Hirsch Fred R, Varella-Garcia Marileila, Bunn Paul A, Di Maria Michael V, Veve Robert, Bremmes Roy M, Barón Anna E, Zeng Chan, Franklin Wilbur A
Department of Pathology, University of Colorado Health Sciences Center, Denver, CO 80262, USA.
J Clin Oncol. 2003 Oct 15;21(20):3798-807. doi: 10.1200/JCO.2003.11.069. Epub 2003 Sep 2.
The epidermal growth factor receptor (EGFR) is frequently overexpressed in non-small-cell lung carcinoma (NSCLC), and EGFR inhibitors are promising new therapeutic agents. The molecular mechanisms responsible for EGFR overexpression are poorly understood.
Gene copy number and protein status of EGFR were investigated in microarrayed tumors from 183 NSCLC patients, including squamous cell carcinoma (SCC; 89 patients) and non-SCC (94 patients) histologies. Protein expression was assessed by immunohistochemistry on a scale from 0 to 400 (percentage of positive cells x staining intensity). Gene and chromosome 7 copy numbers were identified by fluorescent in situ hybridization (FISH).
EGFR protein overexpression was observed in 62% of the NSCLC (25% scored 201 to 300; 37% scored 301 to 400), more frequently in SCC than non-SCC (82% v 44%; P <.001), and in 80% of the bronchioloalveolar carcinomas. The prevalent FISH patterns were balanced disomy (40%) and trisomy (38%) for EGFR gene and chromosome 7 (40%), whereas balanced polysomy was seen in 13% and gene amplification was seen in 9% of the patients. Gene copy number correlated with protein expression (r = 0.4; P <.001). EGFR overexpression or high gene copy numbers had no significant influence on prognosis.
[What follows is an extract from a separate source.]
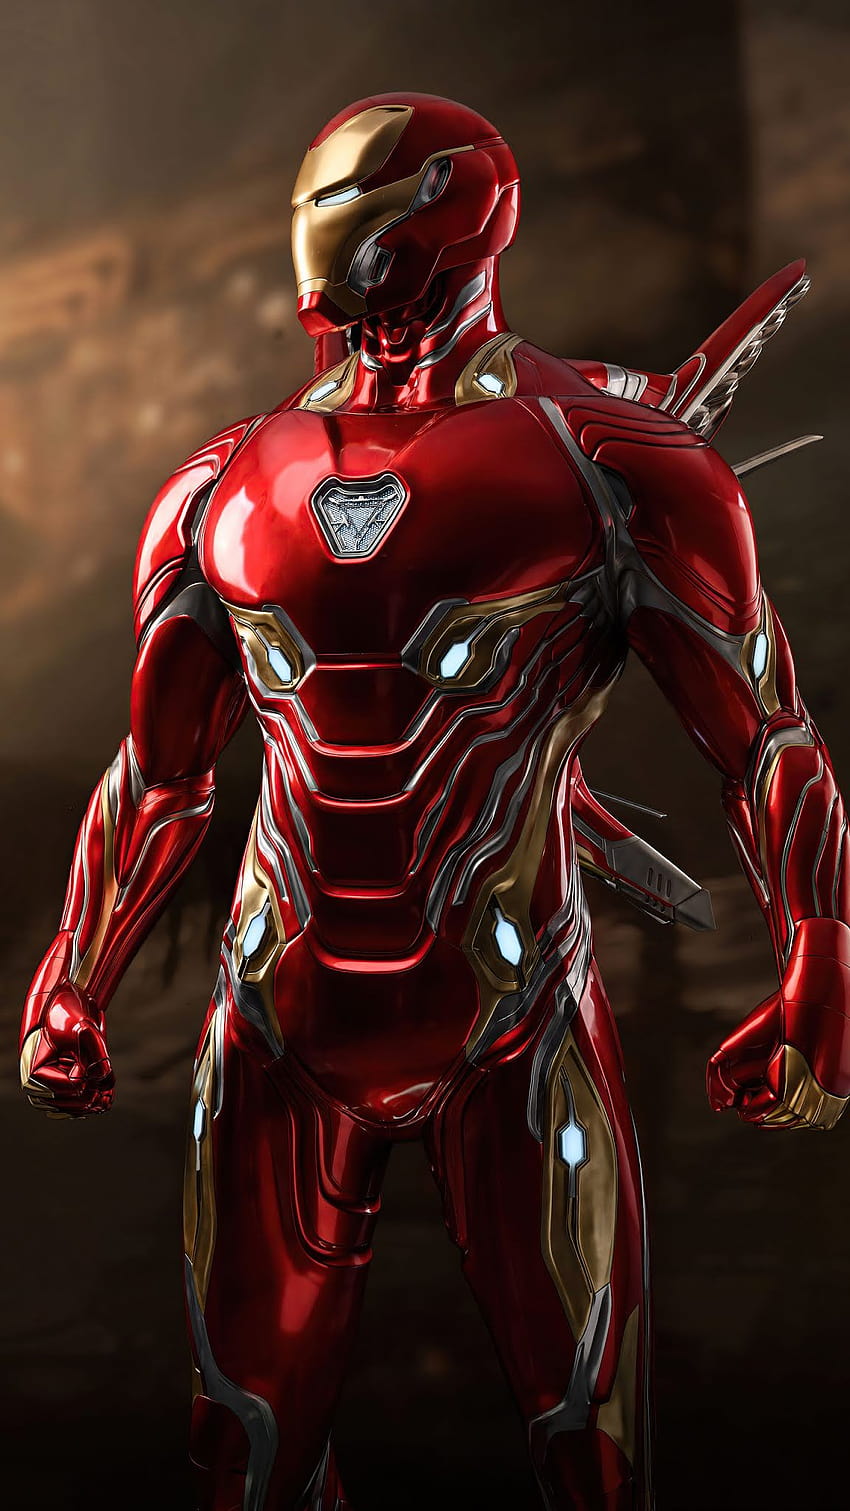 Iron Man 2020 seluler, ponsel layar penuh iron man wallpaper ponsel HD
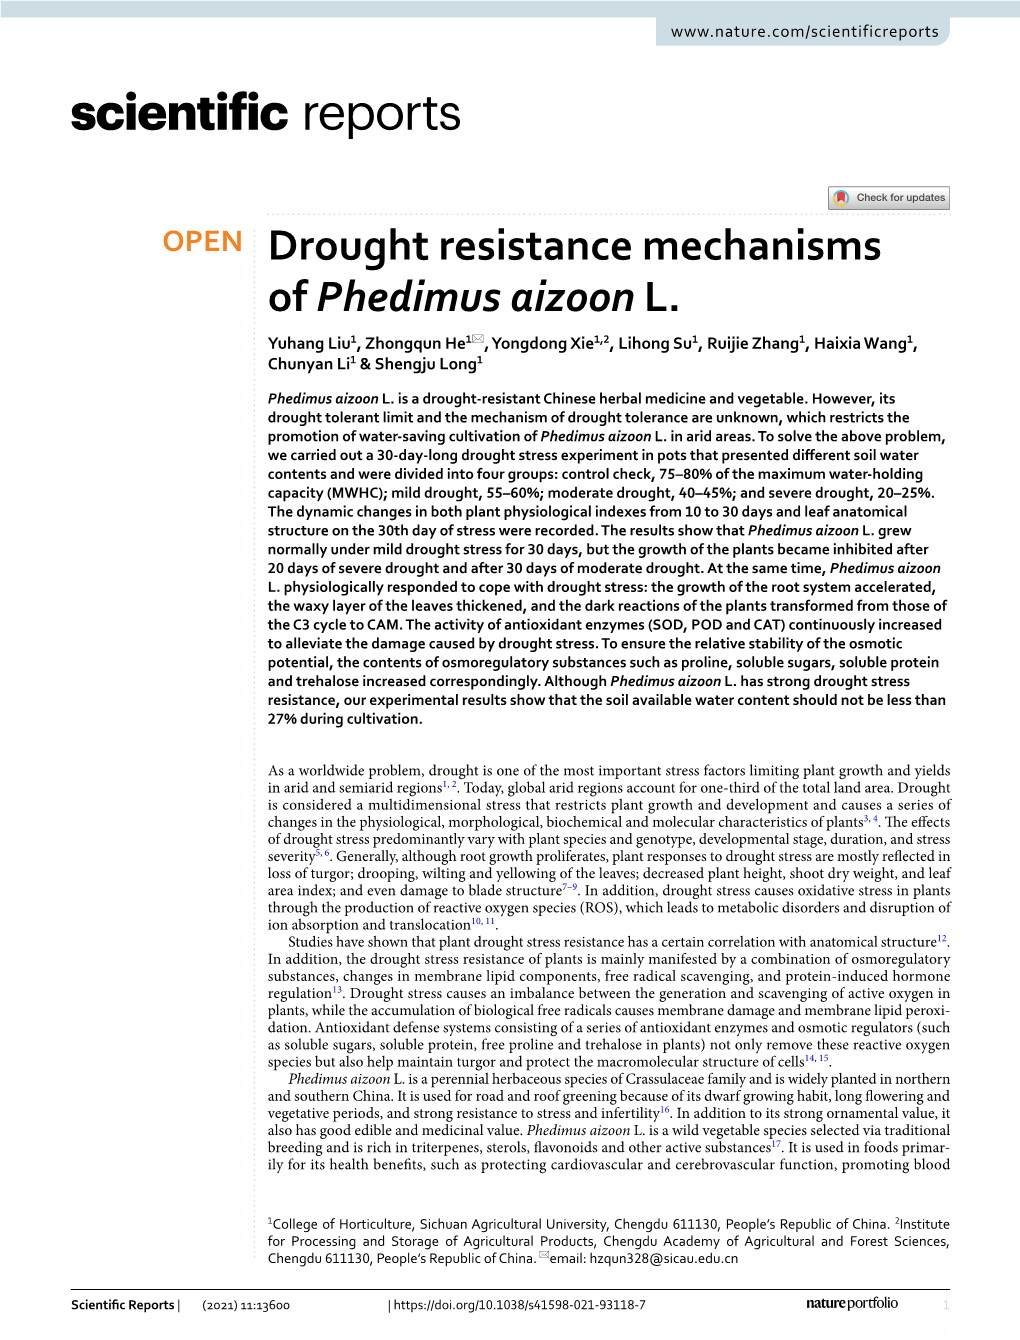 Drought Resistance Mechanisms of Phedimus Aizoon L. Yuhang Liu1, Zhongqun He1*, Yongdong Xie1,2, Lihong Su1, Ruijie Zhang1, Haixia Wang1, Chunyan Li1 & Shengju Long1

EGFR overexpression is frequent in NSCLC, is most prominent in SCC, and correlates with increased gene copy number per cell. High gene copy numbers per cell showed a trend toward poor prognosis. It will be important to evaluate EGFR gene and EGFR protein status and signal protein expression to properly interpret future clinical trials using EGFR inhibitors.
表皮生长因子受体(EGFR)在非小细胞肺癌(NSCLC)中经常过度表达,EGFR抑制剂是有前景的新型治疗药物。导致EGFR过度表达的分子机制尚不清楚。
对183例NSCLC患者的微阵列肿瘤进行研究,包括鳞状细胞癌(SCC;89例患者)和非SCC(94例患者)组织学类型。通过免疫组织化学评估蛋白质表达,范围为0至400(阳性细胞百分比×染色强度)。通过荧光原位杂交(FISH)鉴定基因和7号染色体的拷贝数。
在62%的NSCLC中观察到EGFR蛋白过度表达(25%评分为201至300;37%评分为301至400),SCC中比非SCC更常见(82%对44%;P<.001),在80%的细支气管肺泡癌中也有。EGFR基因和7号染色体最常见的FISH模式是平衡二体性(40%)和三体性(38%)(40%),而13%的患者出现平衡多体性,9%的患者出现基因扩增。基因拷贝数与蛋白质表达相关(r = 0.4;P<.001)。EGFR过度表达或高基因拷贝数对预后无显著影响。
EGFR过度表达在NSCLC中很常见,在SCC中最为突出,并且与每个细胞中基因拷贝数增加相关。每个细胞高基因拷贝数显示出预后不良的趋势。评估EGFR基因、EGFR蛋白状态和信号蛋白表达对于正确解释未来使用EGFR抑制剂的临床试验将很重要。